Прогневали мы Бога, согрешили:
Владыкою себе цареубийцу
Мы нарекли.
Выведав у Пимена подробности угличского убийства, Григорий (которого бес уже мутит сонными «мечтаниями») решает вставить свою физиономию в готовую историческую прорезь. В сцене «Корчма на литовской границе» Григорий появляется в обществе бродячих чернецов; он на пути к своим будущим союзникам – полякам. Один из монахов, пьяница и балагур Варлаам, явно напоминающий Фальстафа, бросает на Отрепьева шекспировскую тень. Являются приставы; грамотный Григорий по их просьбе читает вслух приметы беглого инока Отрепьева; вместо своих собственных черт («ростом <…> мал, грудь широкая, одна рука короче другой, глаза голубые, волоса рыжие, на щеке бородавка, на лбу другая») называет приметы пятидесятилетнего жирного монаха Мисаила, сидящего тут же. Когда же Варлаам, почуяв неладное, по складам пытается прочесть бумагу, Григорий «стоит потупя голову, с рукою за пазухой». Причина проста: за пазухой кинжал; но куда важнее, что это общеизвестная наполеоновская поза.

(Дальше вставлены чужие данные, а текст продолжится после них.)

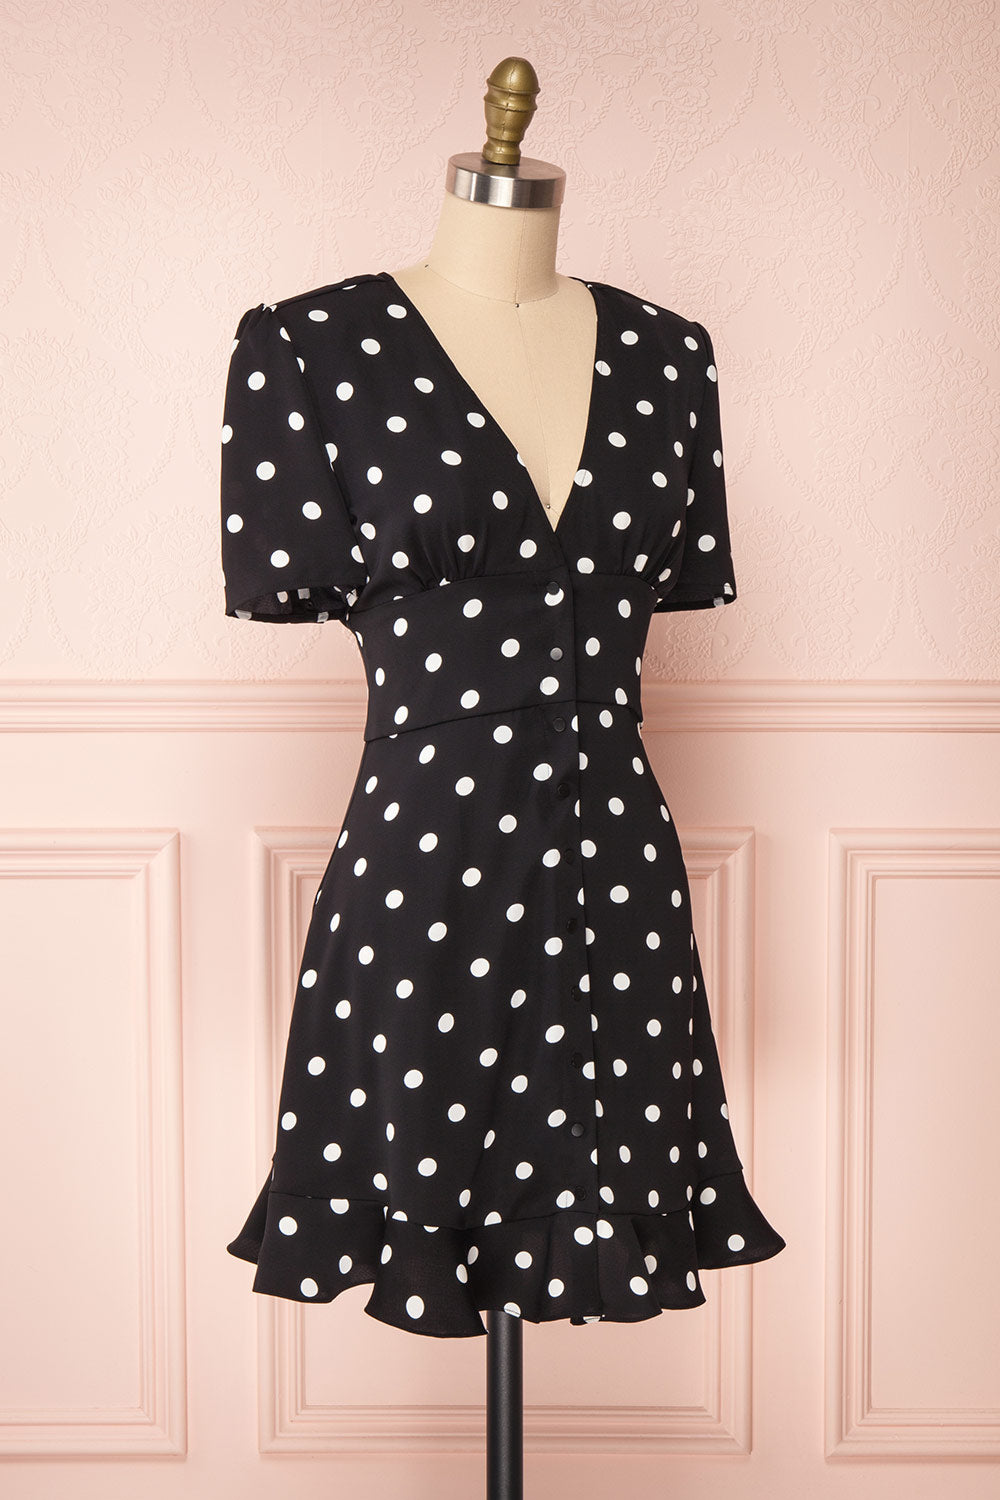 Zinovia Black & White Polka Dot Short Dress | Boutique 1861 side view 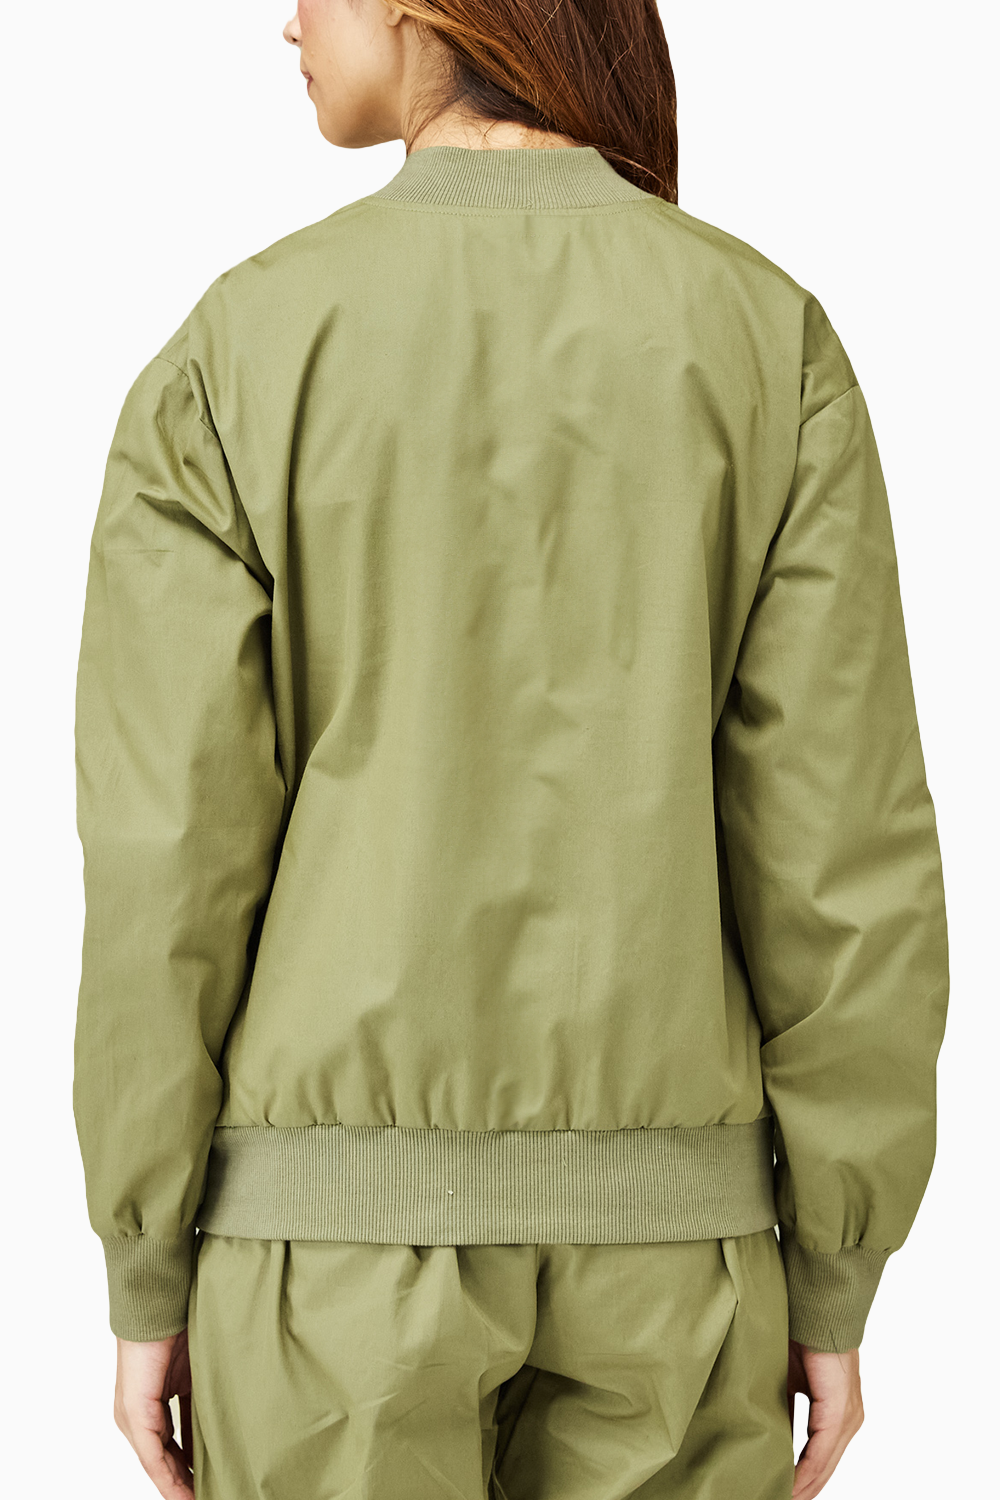 Khaki Green Everyday Jacket

Все значимые для Пушкина литературные и исторические параллели проведены; образ взят в плотное кольцо ассоциаций; приходит пора испытать героя.
В 11-й сцене («Краков. Дом Вишневецкого») Лжедимитрий кажется себе и зрителю хозяином положения: ведет себя как настоящий политик, обещая каждому именно то, о чем тот мечтает. (Иезуитскому pater’y Черниковскому – «катализацию» России в два года; литовским и русским воинам – борьбу за общее славянское дело; патриотическому сыну князя Курбского – примирение с отечеством всего рода славного изменника; опальному боярину Хрущову – расправу с Борисом; казаку Кареле – возвращение вольности донским казакам). Но уже в 12-й сцене («Замок воеводы Мнишка в Самборе») в диалоге отца прекрасной Марины и Вишневецкого, чьим слугою был Григорий, прежде чем «на одре болезни» объявил себя царевичем, проброшен намек на несамостоятельность, «орудийность» авантюрного героя, его зависимость от Марины: «<…> и вот / Все кончено. Уж он в ее сетях».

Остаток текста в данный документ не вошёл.